Tapi sayang seribu sayang, hingga hari ini sulit menemukan pengawas yang sepenuhnya berkomitmen mendorong sekolah mampu meraih kemajuan. Di samping serupa monster yang menakutkan, pengawas belum mengambil peran sebagai konsultan yang mumpuni memberikan arahan agar sekolah sepenuhnya berkualitas. Para pengawas justru gagal merangsang sekolah agar berderap memasuki proses peningkatan mutu. Mereka hadir tanpa kejelasan efektivitas pengawasan untuk mendorong peningkatan kinerja institusi pendidikan. Maka, sangat bisa dimengerti, mengapa frekuensi pengawasan tak berbanding lurus dengan percepatan peningkatan mutu dunia pendidikan.
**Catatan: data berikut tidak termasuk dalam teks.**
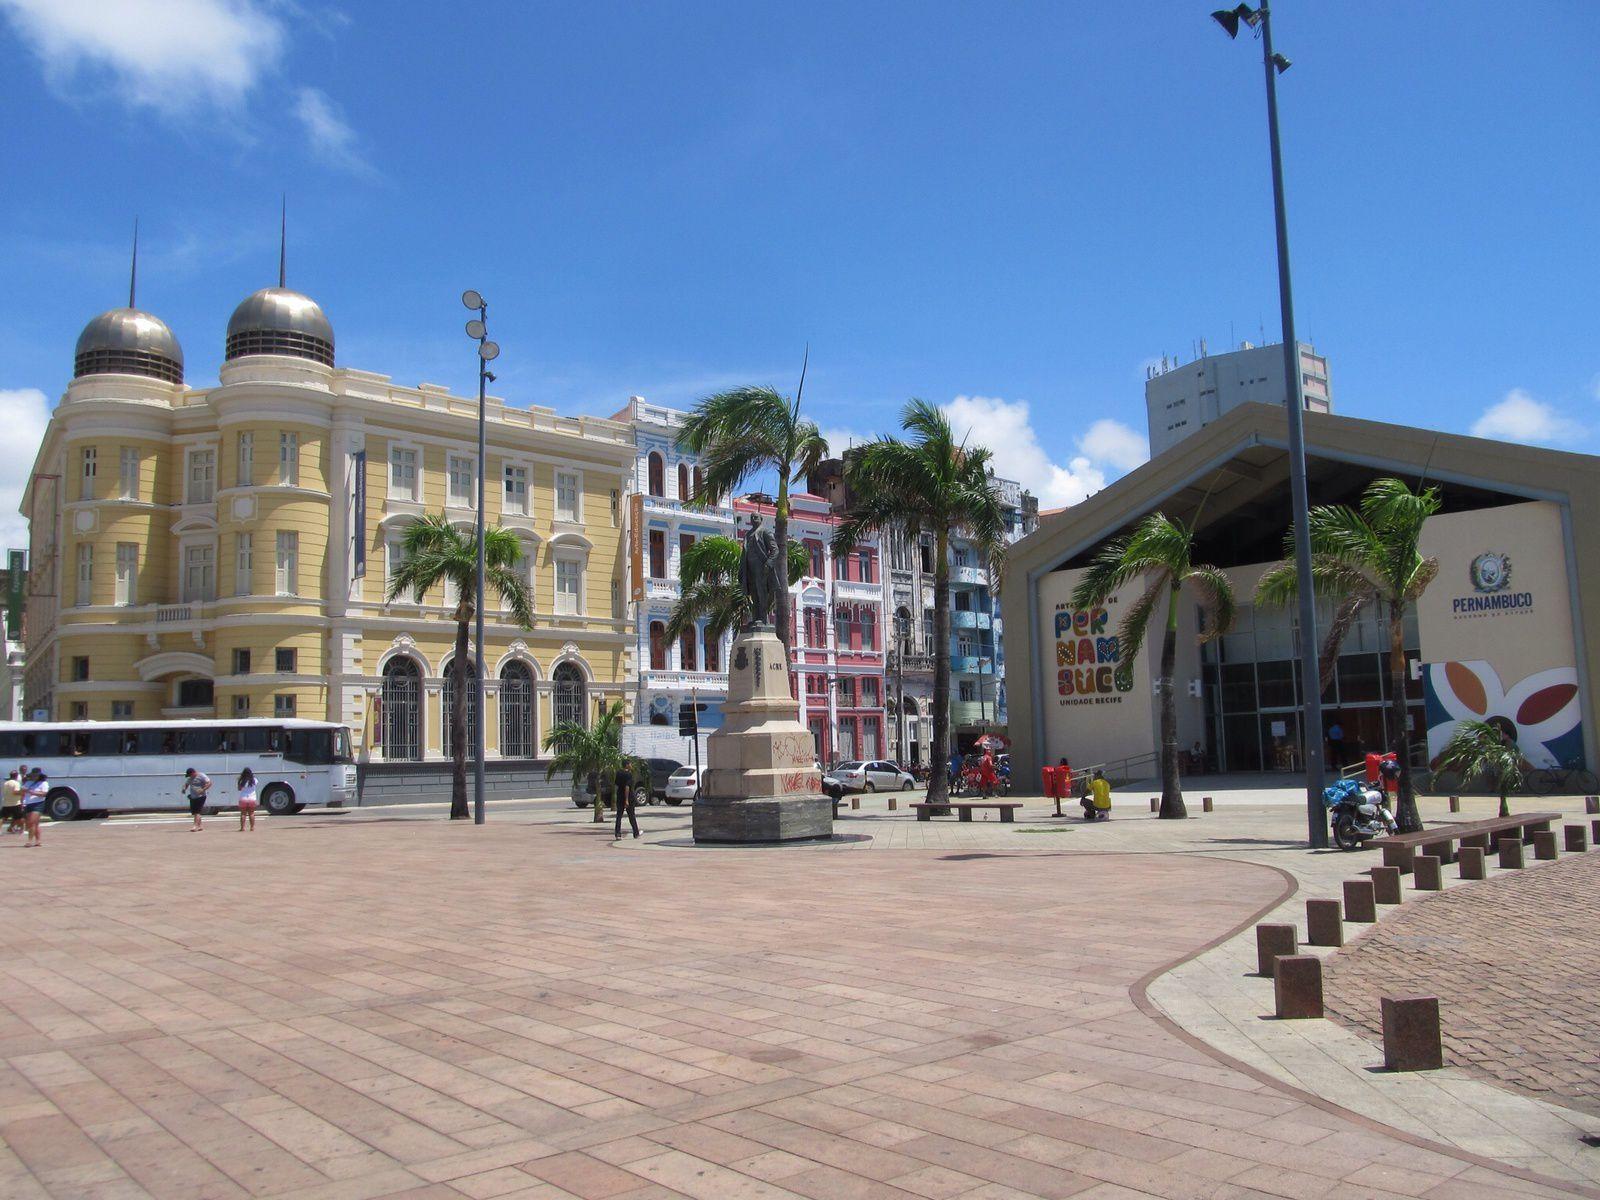 NOUS SOMMES À  2490 KM DE RIO DE JANEIRO

Tentu, persoalan ini harus segera dijawab oleh Kementerian Pendidikan dan Kebudayaan (Kemendikbud) melalui upaya reedukasi terhadap pengawas sekolah yang jumlah totalnya mencapai sekitar 23.000 orang di seluruh Indonesia. Pelatihan pengawas sekolah yang pada 2012 ditargetkan mencakup 6.000 orang patut diapresiasi. Namun penting pula Kemendikbud menelaah ulang ketentuan bahwa setiap pengawas memantau 10 sekolah. Hal fundamental yang mendesak ditelaah adalah relevansi rasio 1:10 pengawasan sekolah. Selain itu, reedukasi pun harus pula memasukkan dimensi-dimensi filosofis pengawasan dalam hubungannya dengan terciptanya proses pembelajaran yang bermutu.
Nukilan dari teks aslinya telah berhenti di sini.